# Pex crimpers



## gplumber (Feb 3, 2012)

Ive got a bunch of guys at our shop asking me about proper calibration of their crimpers, the tool they send with the crimpers for testing does not seen acurate as we are having some issues with leaking pex fittings even though the gauge says they are correctly set, anyone else have issues with this or some input


----------



## plbgbiz (Aug 27, 2010)

Click here >>> http://www.plumbingzone.com/f3/ for PEX calibration threads.


----------



## Tommy plumber (Feb 19, 2010)

Do you have a 'no-go' gauge? It slips over the crimped pex ring to check the crimp.
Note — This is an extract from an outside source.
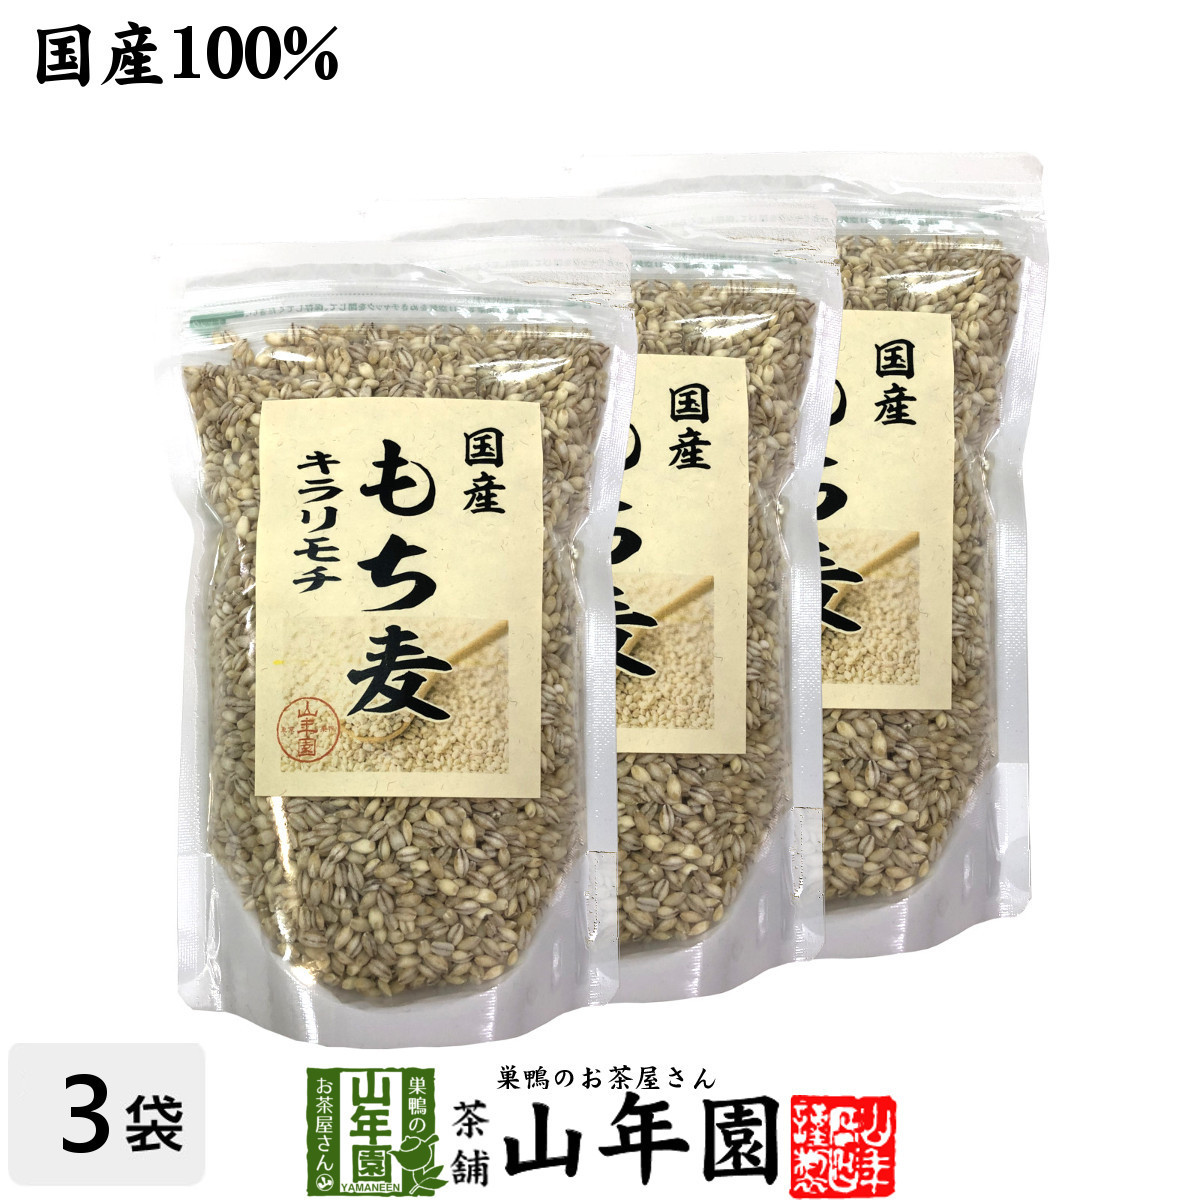  domestic production mochi mugi kila Limo chi500g×3 sack set free shipping 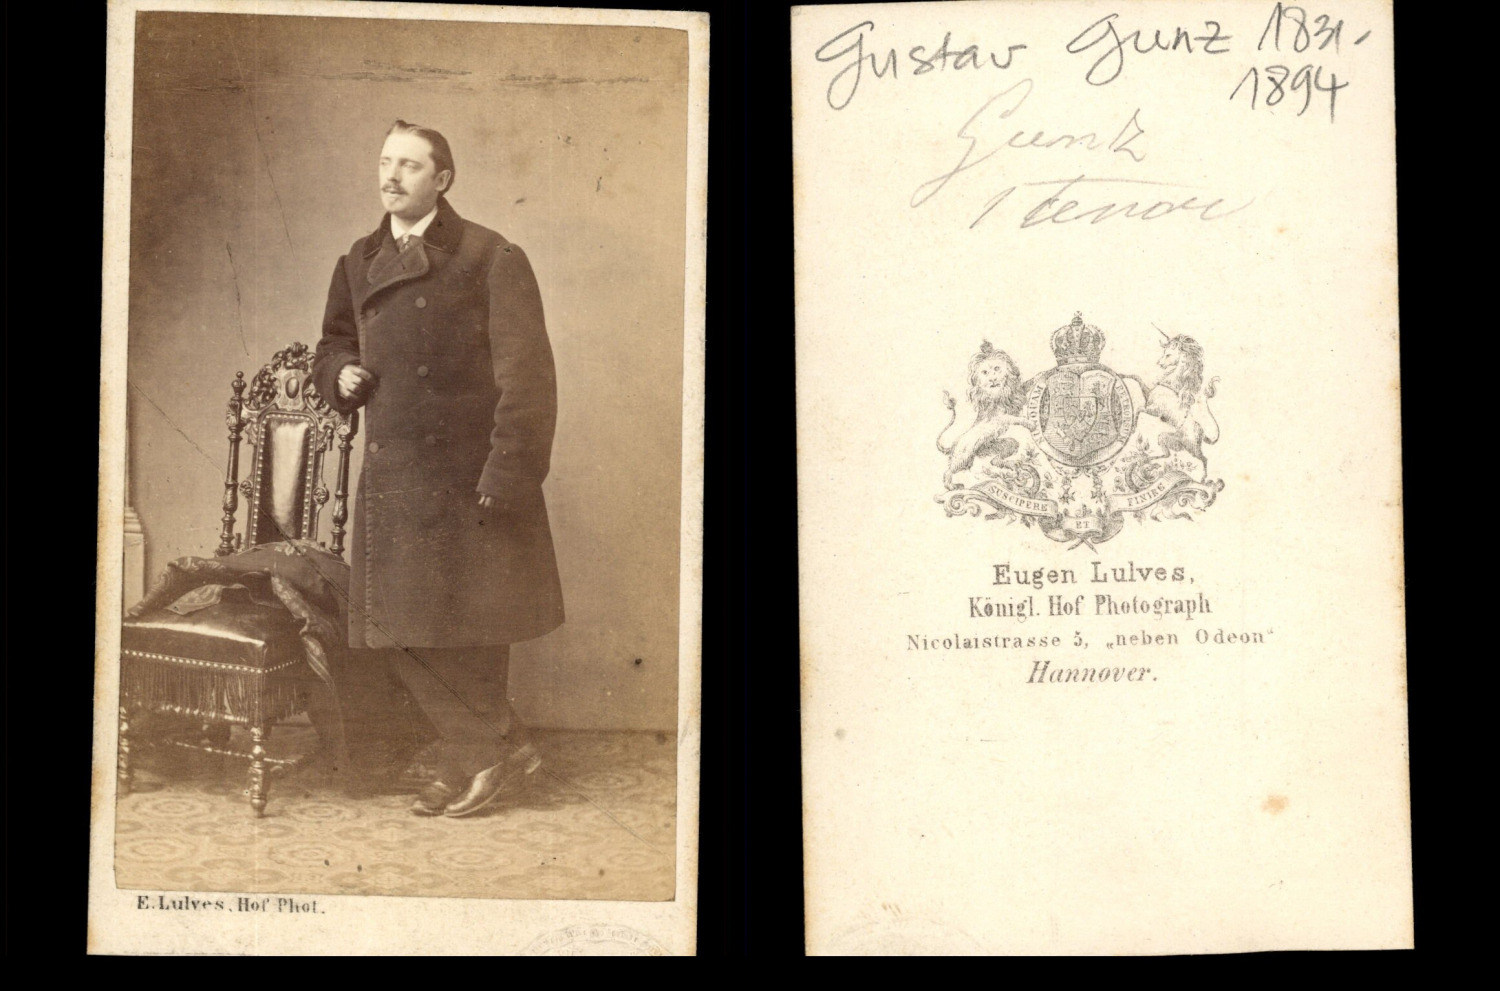 Lulves, Hannover, Gustav Gunz, Tenor Vintage Albumen Print CDV.1831-1894

There should be an adjustment screw on the crimp tool.


----------



## Airgap (Dec 18, 2008)

Hmmmnnn....


----------



## GREENPLUM (Jul 27, 2008)




----------



## AKdaplumba (Jan 12, 2010)

their is a tag on crimpers that tell you the proper spacing of the handles


----------



## seanny deep (Jan 28, 2012)

Go wirsbo no problems crimped pex sucks... Allthough i do have to use it for cheap clients time to time.


----------



## Redwood (Sep 8, 2008)

What's wrong with sweating the pex....:laughing:

The answers might be better with an introduction....:yes:


----------



## incarnatopnh (Feb 1, 2011)

Most people would just use sharkbites...


----------



## AWWGH (May 2, 2011)

I just heat the PEX with my torch and then throw it on barbed fittings with a hose clamp.

No leaks yet!


----------



## evilcyrus (Apr 27, 2009)

our shop uses ... pinch style and nuttin but leaks latley... i'm pushn for Wirs.. i might win. if not i'm going my self down the path..


----------